Although all cyclical sectors are still either inside the lagging quadrant or traveling (back) towards it at a negative heading, XLF seems to be at least going slightly against the tide. Time to investigate what's going on inside the sector.
This RRG shows the groups inside the Financials sector, and it is immediately apparent that the sector is divided into two camps. One cluster of groups is on the right-hand side of the RRG, but all rotating at a negative RRG-Heading. The other cluster is on the left-hand side of the RRG, inside the improving quadrant, with all but one rotating at a strong RRG-Heading.
A quick check of the table below the graph shows that the groups inside the weakening quadrant are all insurance-related groups. Inside the leading quadrant is one more insurance group, Property & Casualty Insurance, and Consumer Finance. The only group inside the improving quadrant that is NOT moving at a strong RRG-Heading is the Financial Administration index. All others are on a strong trajectory towards the leading quadrant, with Mortgage Finance leading the way.
The last time I wrote about the financials sector was in this article in January. At that time, the insurance groups had just rotated into the leading quadrant and they were leading the sector. Setting the tail length to 23 weeks will show the performance of all groups since the week of Jan 18.
The insurance-related groups, which are now inside the weakening quadrant, are all showing up at the top of the list and above XLF. They have all outperformed the Financials sector index. The Property and Casualty index even managed to get a positive return.
But!! This period of outperformance for these groups seems to be coming to an end now, as money is rotating away from them and into the groups that are currently inside the improving quadrant.
It is interesting to see how different the charts in these two groups are looking.
US Reinsurance Index
The Reinsurance index, which was one of the strong groups in January, has now rolled over and formed a large H&S top formation in the first half of 2022. The neckline, which was perfectly horizontal at 370, was broken three weeks ago.

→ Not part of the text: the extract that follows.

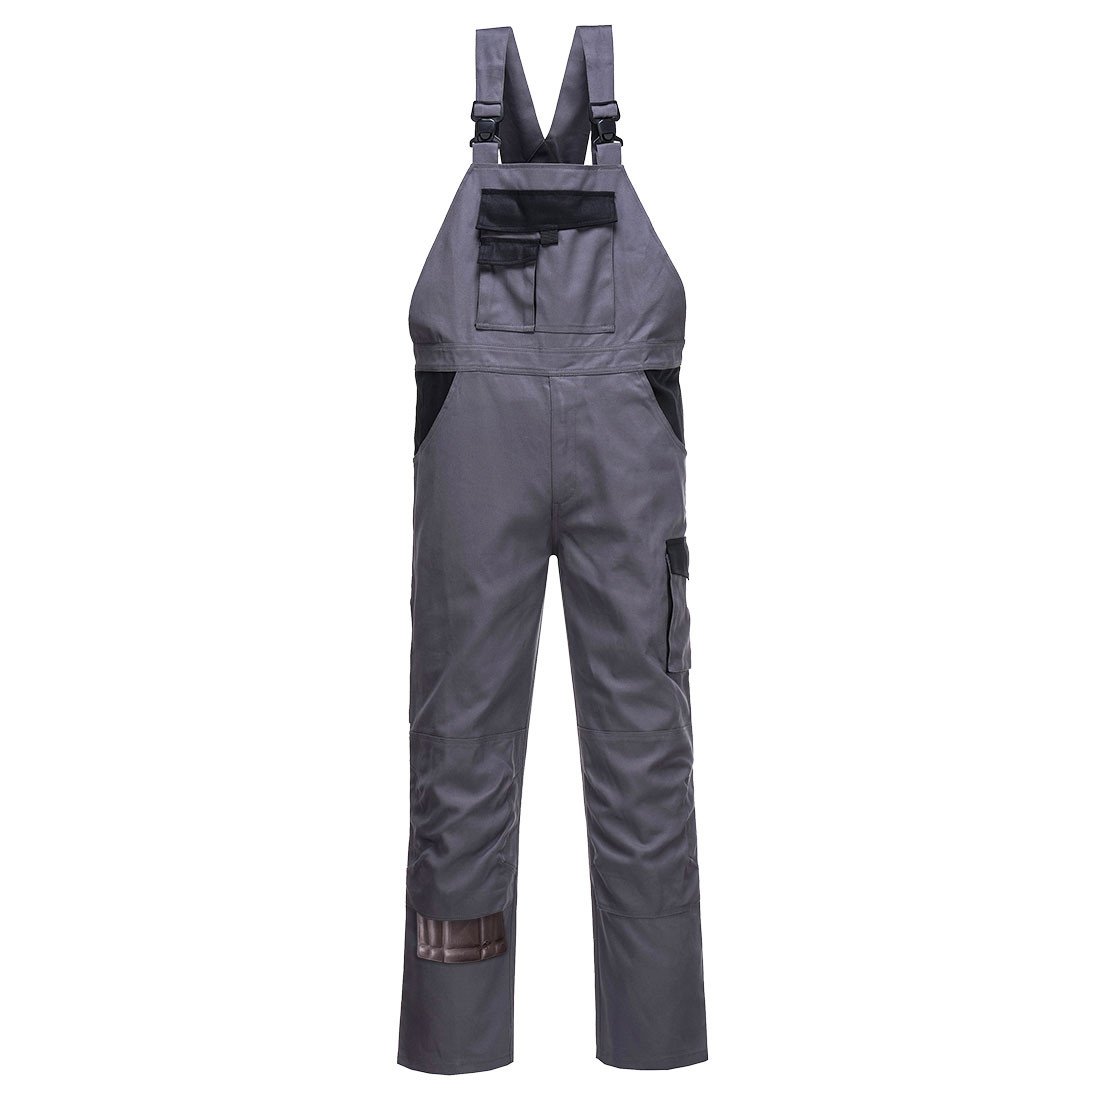 Womens Portwest Warsaw Bib and Brace Overall

The initial decline took the group down to around 340, where support was found coming from the lower boundary of the 2021 range.
The target area, based on the height of the H&S pattern, is around 290. In the near-term, a bounce from current support back to the breakout level is possible, but such a move, when it happens, should be seen as a selling opportunity.

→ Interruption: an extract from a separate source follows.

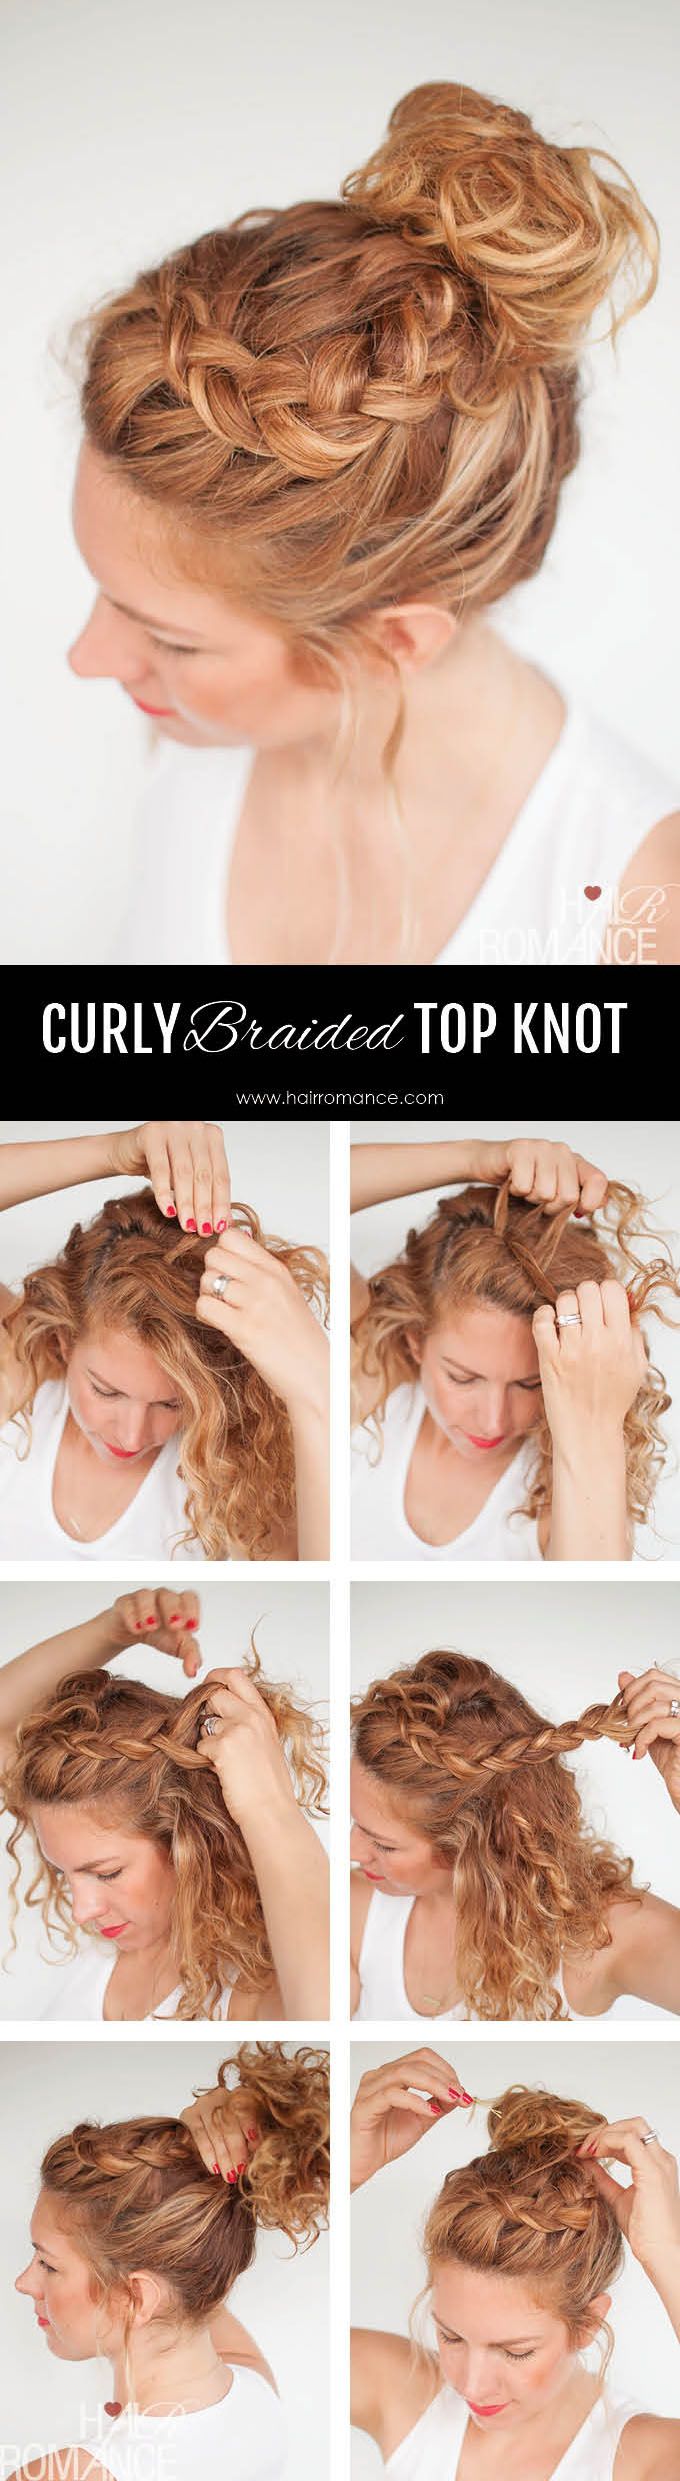 Everyday curly hairstyles – Curly Braided Top Knot Hairstyle Tutorial

When this index breaks to new lows in the coming weeks, a further decline towards the 290 area is likely.
US Mortgage Finance Index
This group is still inside the improving quadrant, but at the longest tail and closest to crossing over into leading while at a strong RRG-Heading.

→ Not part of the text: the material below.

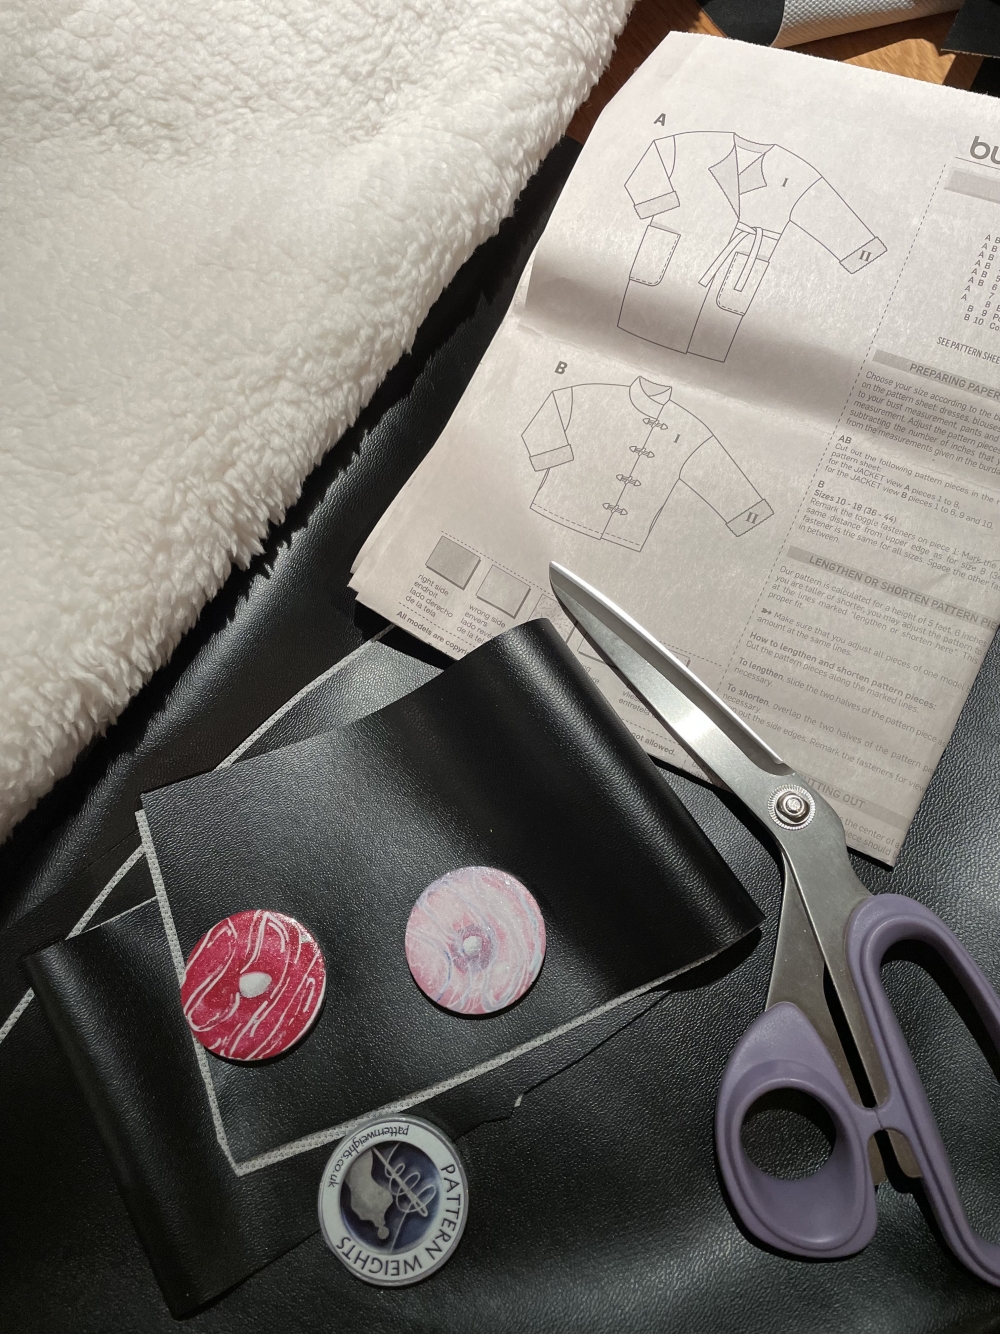 6 Methods For Sewing Zippers - The Creative Curator

The price chart shows a falling trend channel after this group broke downward from a broad range at the start of this year. The index recently found support around 6.25 and is now pushing against double resistance coming from the down-gap and the previous low in the area around 7.00.
The interesting thing is the gradual improvement of relative strength. In the raw RS-line, a first higher low is visible, as it is trying to break the falling resistance line of the relative highs since mid-2020. This improvement, which is essentially a slowing down in the decline, has caused the RRG-Lines to gradually approach the 100-level. The RS-Momentum line has now already crossed above that level and RS-Ratio is closing in.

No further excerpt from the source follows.